▸ Material shown:
◇ ◇ ◇ ◇ ◇

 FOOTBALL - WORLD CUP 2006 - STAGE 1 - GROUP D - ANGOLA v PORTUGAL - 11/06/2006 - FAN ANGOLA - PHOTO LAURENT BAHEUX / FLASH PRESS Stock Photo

◇ ◇ ◇ ◇ ◇

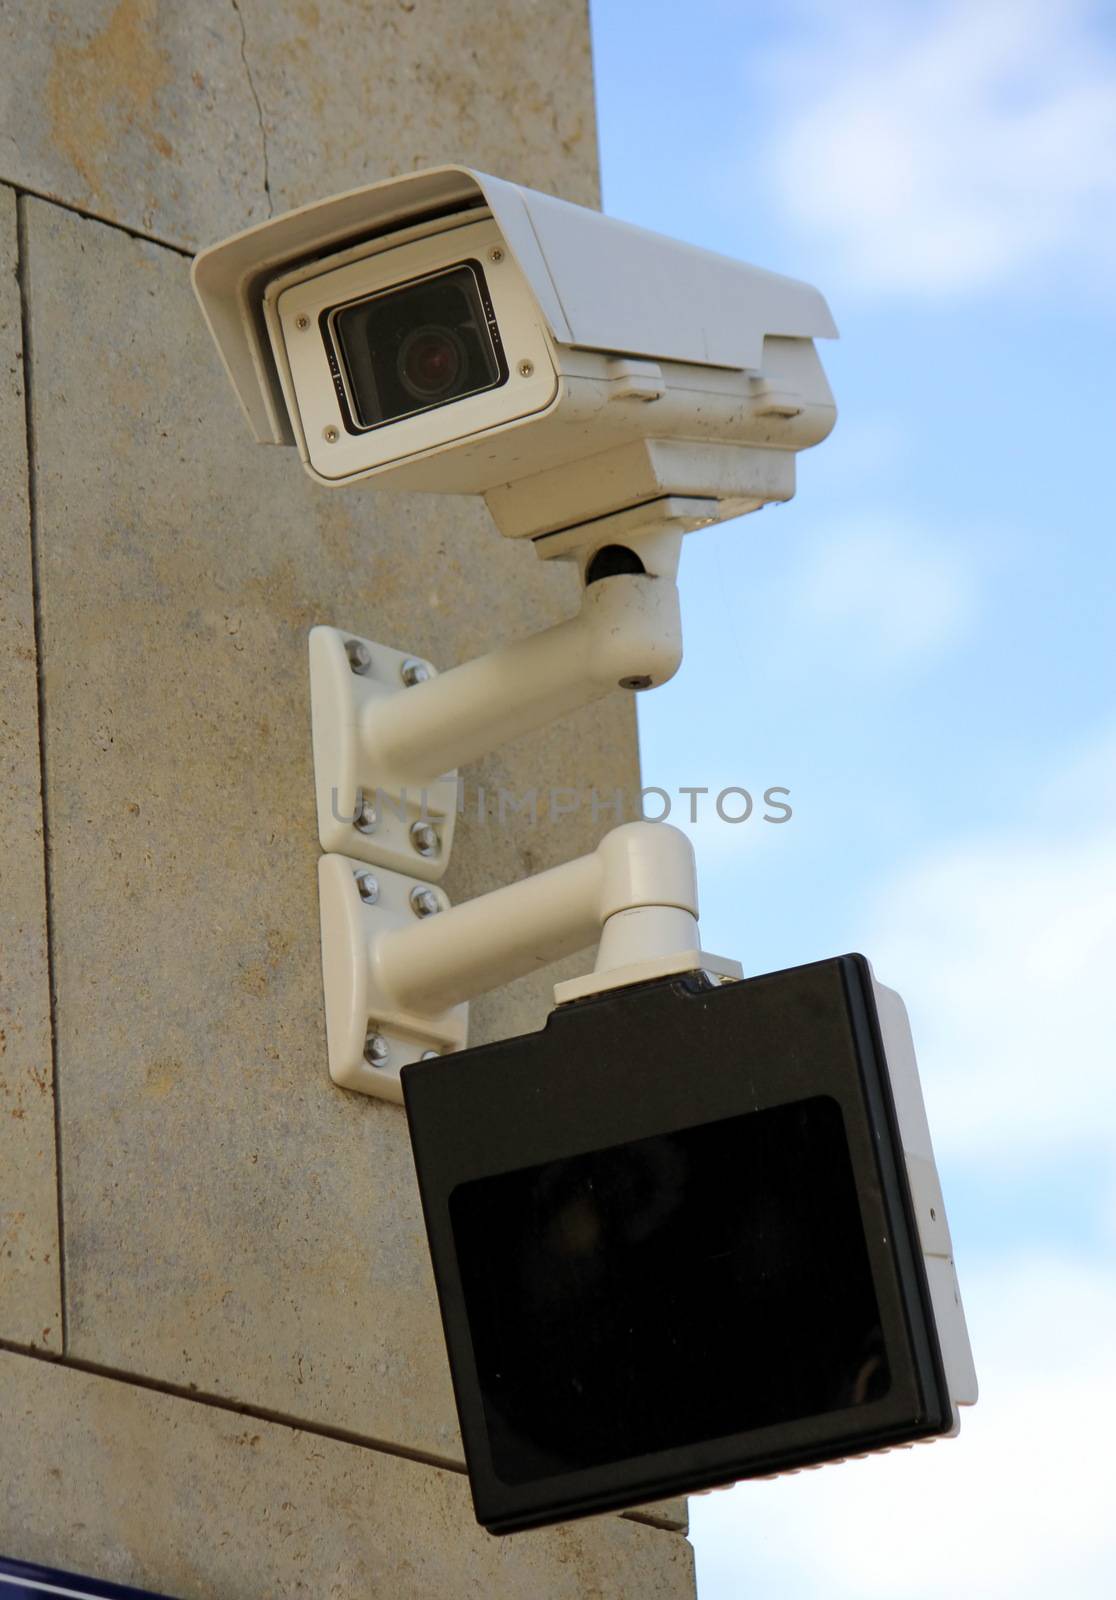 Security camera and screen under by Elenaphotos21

◇ ◇ ◇ ◇ ◇

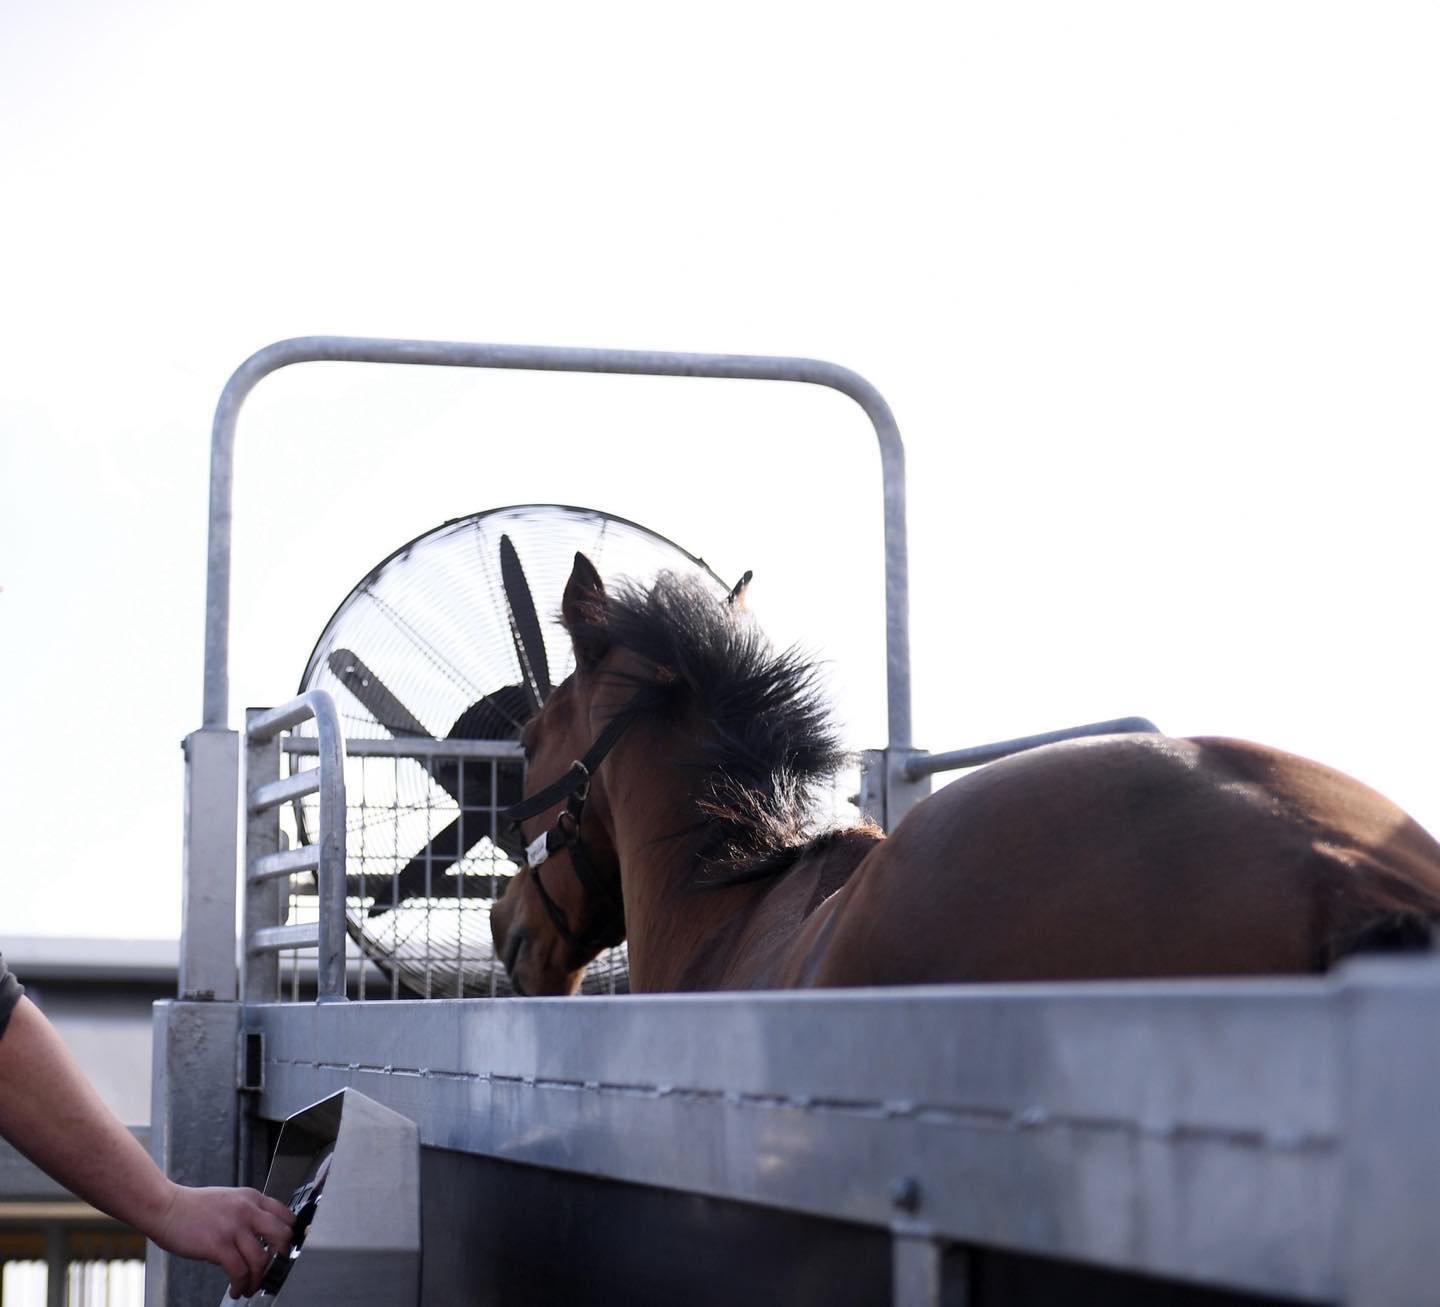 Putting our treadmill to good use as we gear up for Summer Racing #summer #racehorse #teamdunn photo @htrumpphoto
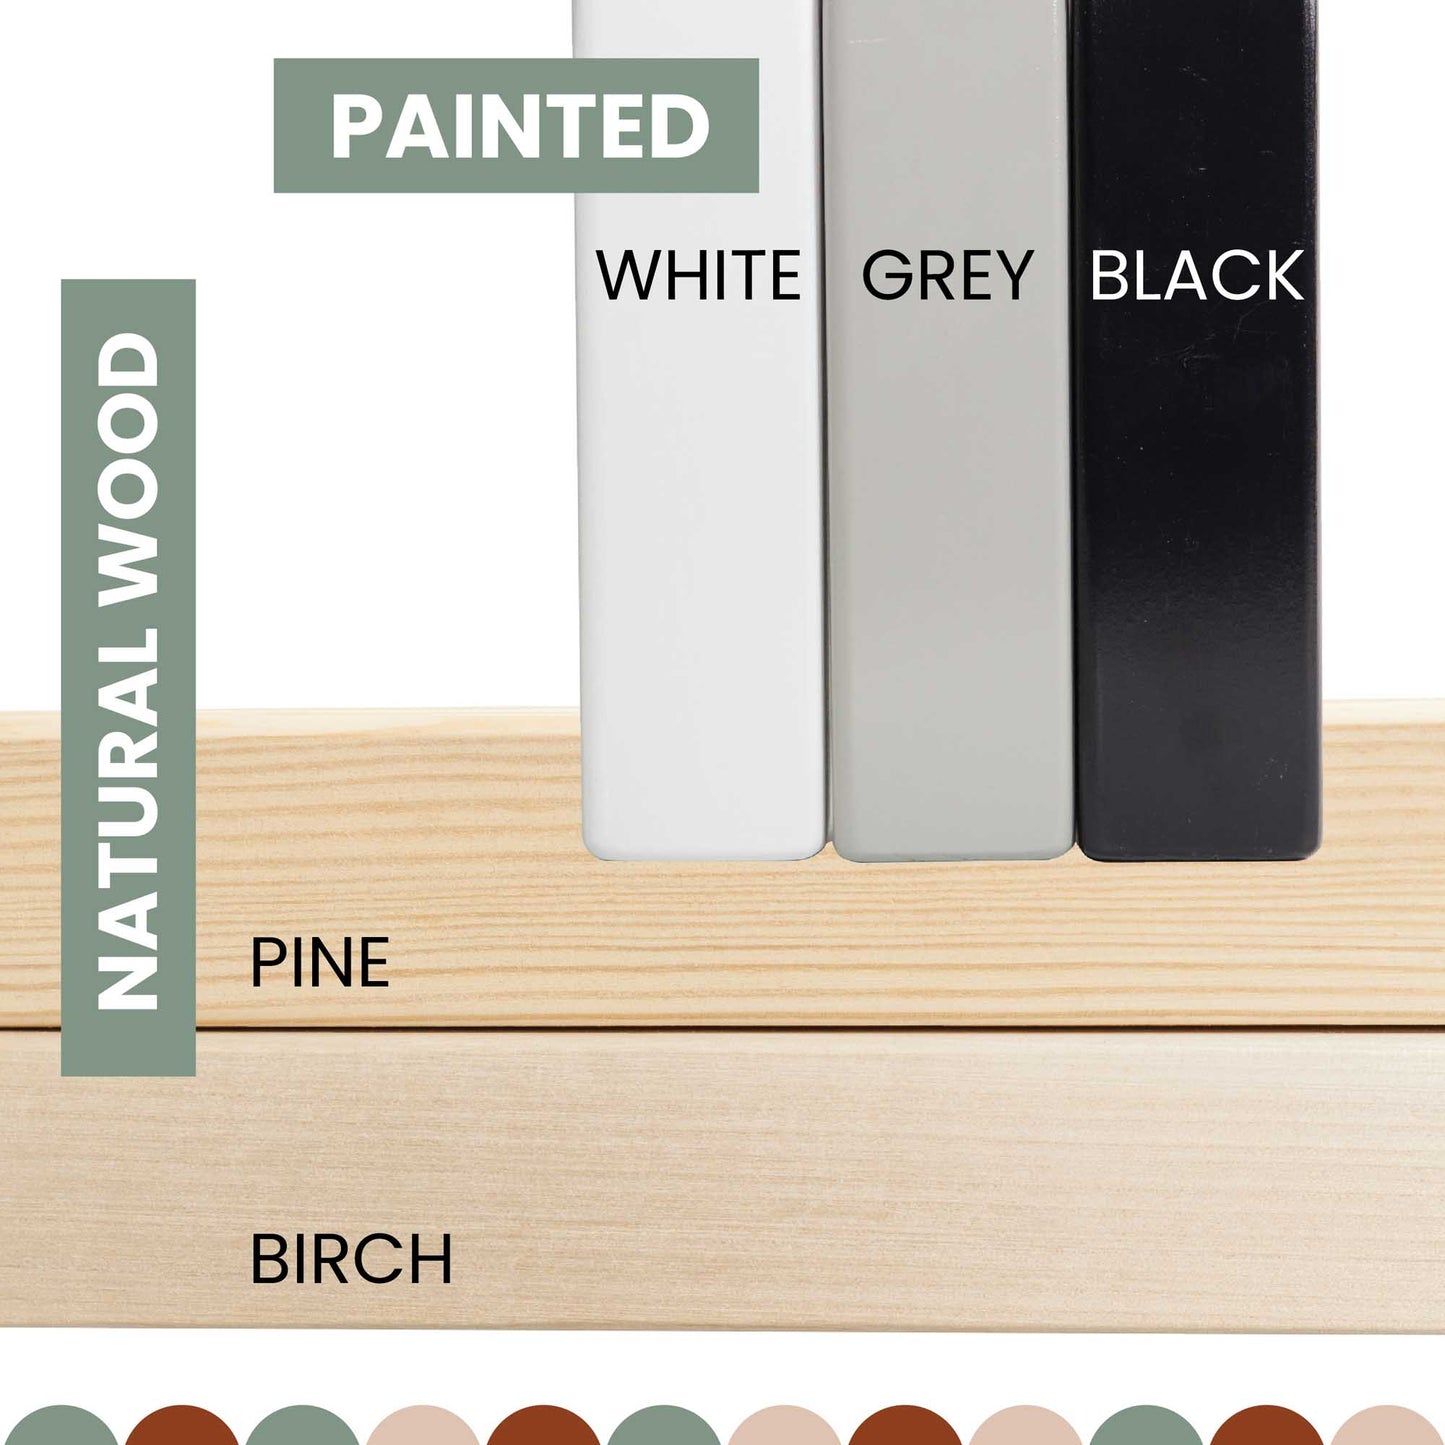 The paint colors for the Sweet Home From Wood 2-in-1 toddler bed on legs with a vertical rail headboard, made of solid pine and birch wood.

◇ ◇ ◇ ◇ ◇

▸ Exercise: Above are some records. Reproduce the lines from the one with "Putting our treadmill" down to the one with "The paint colors", keeping both, and leave every picture out.

▸ Response to this task:
 Putting our treadmill to good use as we gear up for Summer Racing #summer #racehorse #teamdunn photo @htrumpphoto
 The paint colors for the Sweet Home From Wood 2-in-1 toddler bed on legs with a vertical rail headboard, made of solid pine and birch wood.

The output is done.